I'm wondering if it's possible to hire someone to help me write a simple 
program that will connect, stay connected, gather tick data, and send limit 
entries or trades as needed.  I would need to understand it after it was 
written, enough to be able to modify the criteria of when to send the 
trades/orders as I may need in the future.  Do you know anyone that could do 
this and have an idea what it would cost?  I was hoping to do this on my own, 
but I seem to not be good enough without someone helping me.  
If anyone else out there knows someone that I could hire to help me write a 
very basic program, please let me know.  

> My suggestion would be to track down an open source FIX engine and work
> with that. Implementing your own FIX engine should be feasible from the
> documentation, but is likely to be painful because you will need to
> interoperate with your broker. Using an off-the-shelf engine is going to
> be a lot quicker.
> 
> This will also mean that you can forget about the session messages since
> the FIX engine will just deal with that for you.
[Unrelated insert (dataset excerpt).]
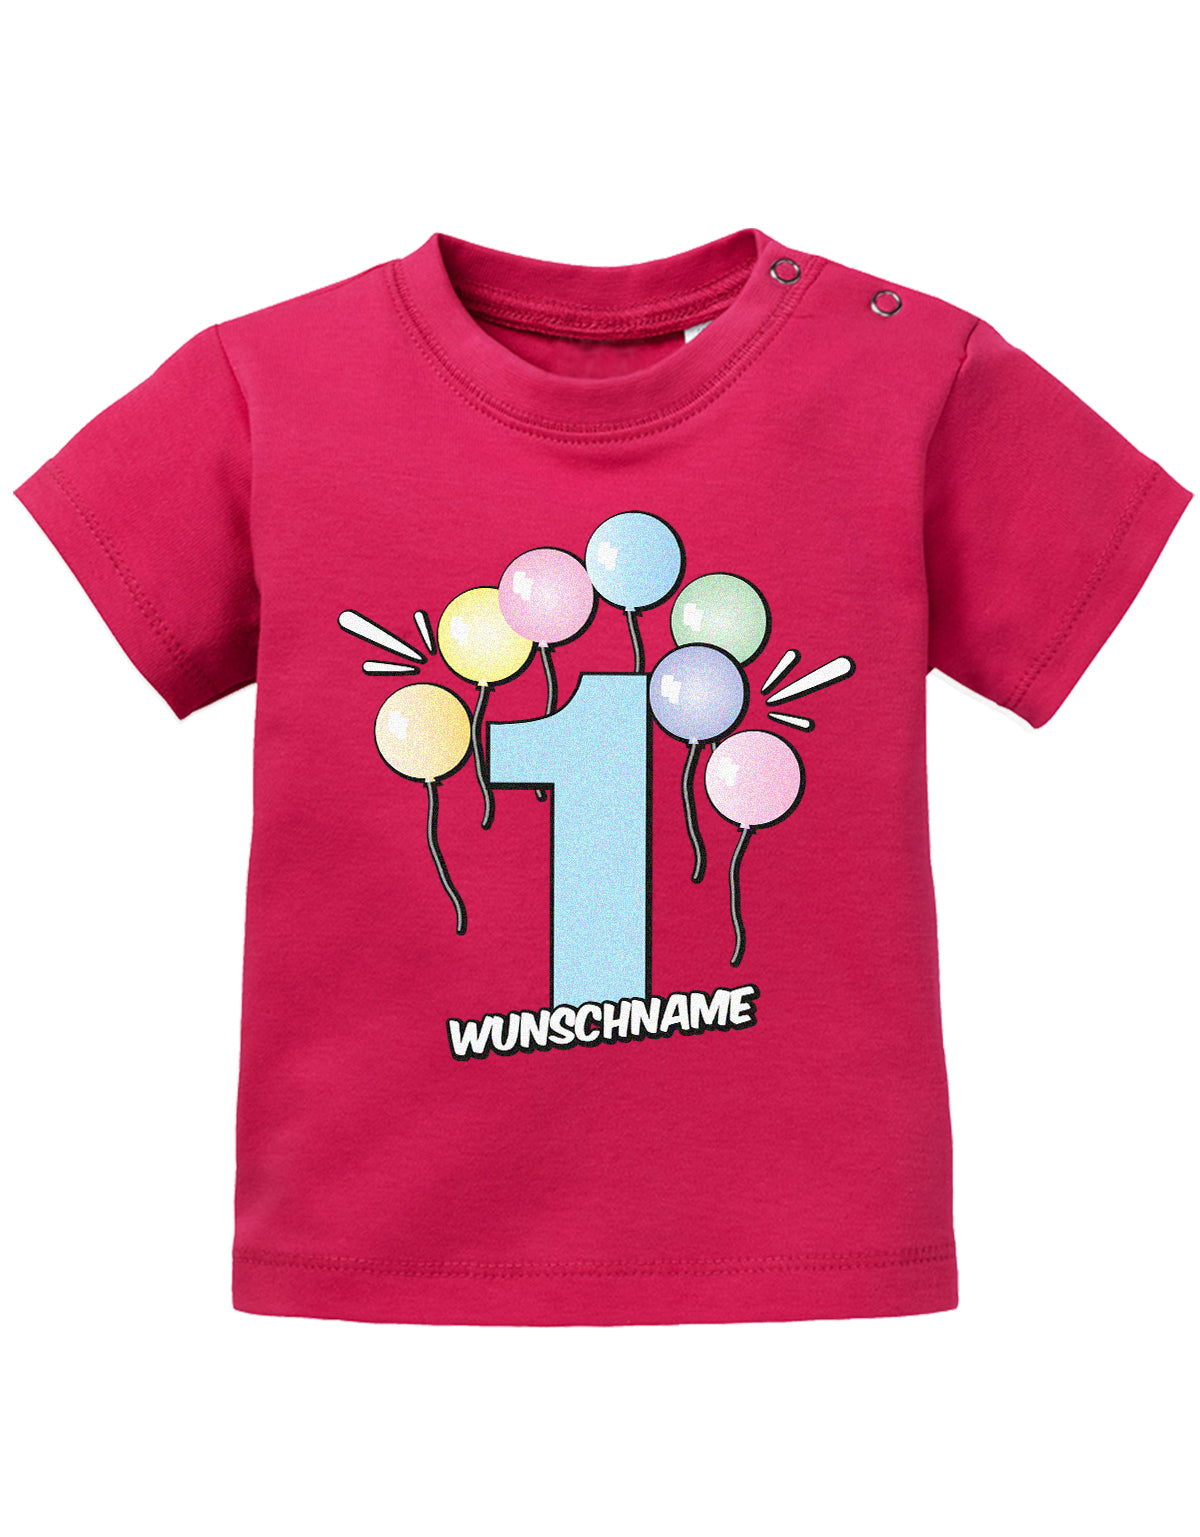 Baby T-Shirt erster Geburtstag mit Ballons und Wunschnamen-sorbet
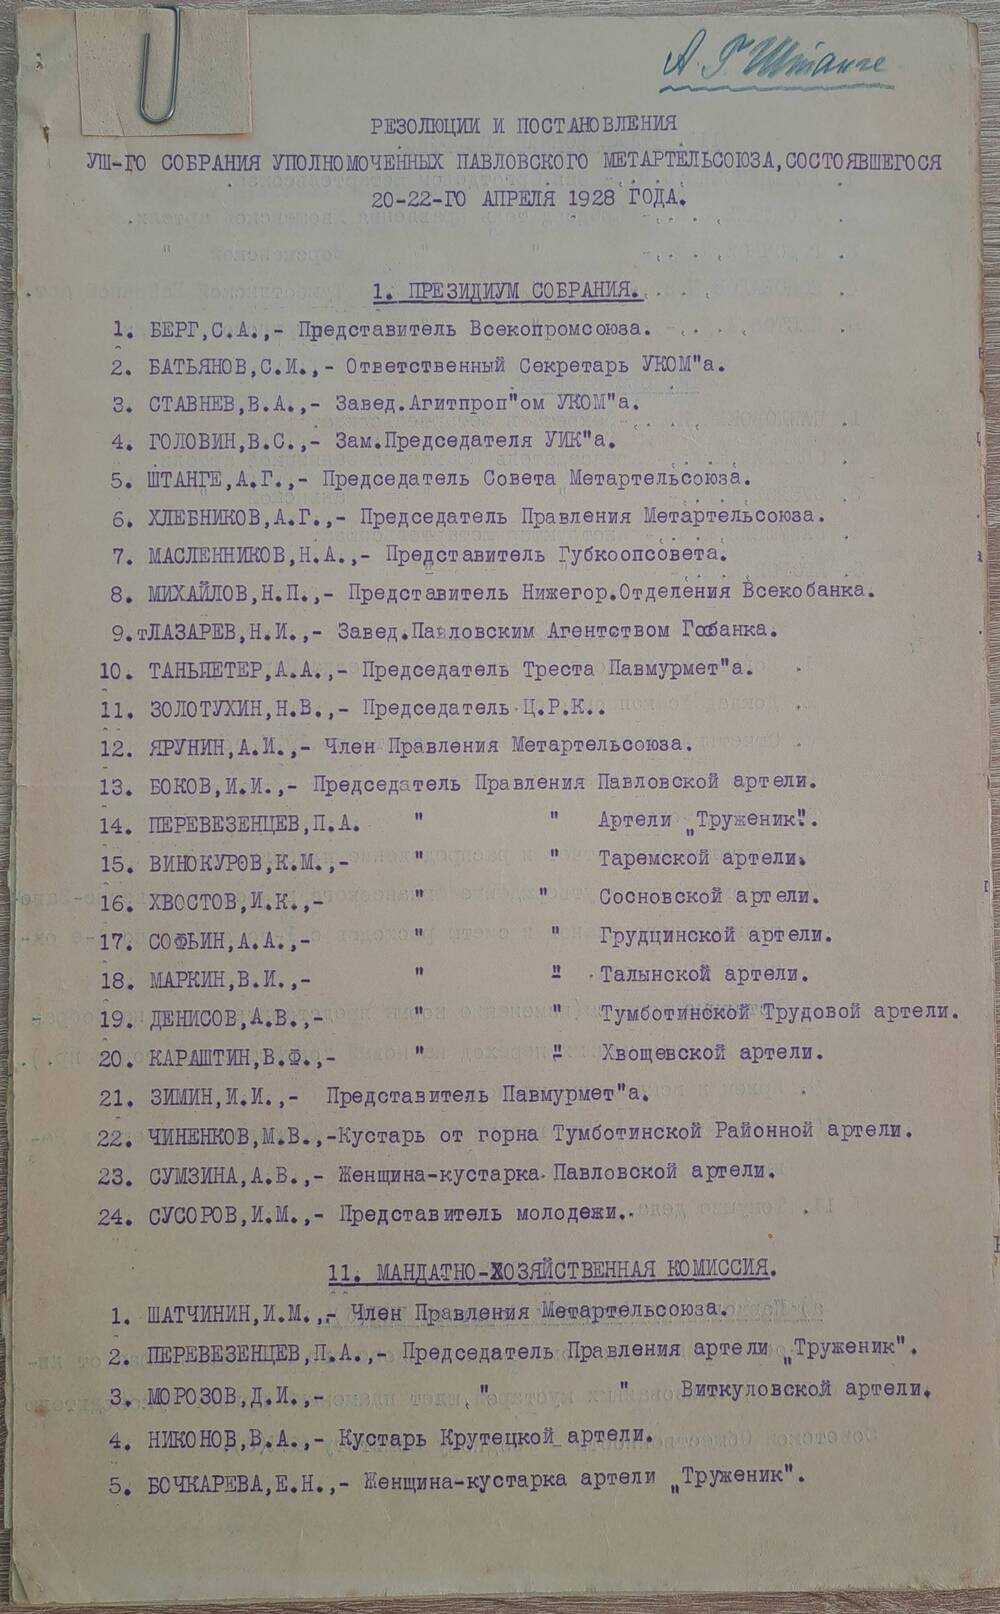 Резолюции и постановления VIII собрания уполномоченных Павловского Метартельсоюза, состоявшегося 20-22 апреля 1928 года.

You can concentrate on
> the sub-set of application messages that you need to produce.
> 
> You should also be able to forget about the standard header and footer
> since the engine will also populate those for you.
> 
> How much of the standard you need to understand will then be down to the
> asset classes you are trading. I have seen FIX orders for simple
> equities and FX trades that have only a dozen tags and they are pretty
> much what you would expect - price, volume, instrument, time stamp,
> handling instructions (eg good day, fill or kill, etc).
> 
> The responses from the broker should also be pretty straightforward.
> 
> So: step 1: find a FIX engine. Having just taken a quick look at the FIX
> Protocol web site under the FIX Products and Vendors I can see at least
> 1 available for free download.
> 
> Hope that helps.
> 
> 
> > Thank you for the advice! But I can't seem to find where the "session
> > messages" are from the headers. I noticed that Vol. 3 talks about pre-
> > trade messages, but I didn't see any headings in there saying session
> > messages either. :( So the collection of PDF files comes to 1,511
> > pages. Do I have to know the information on each of these pages in
> > order to make this program? Are there no example codes with
> > explaination notes in it discribing what is doing what? These 7
> > volumes seem very overwhelming. Please let me know if there is
> > anything more condensed that might be more helpful and take less time
> > to get up and running. Thanks again for the help!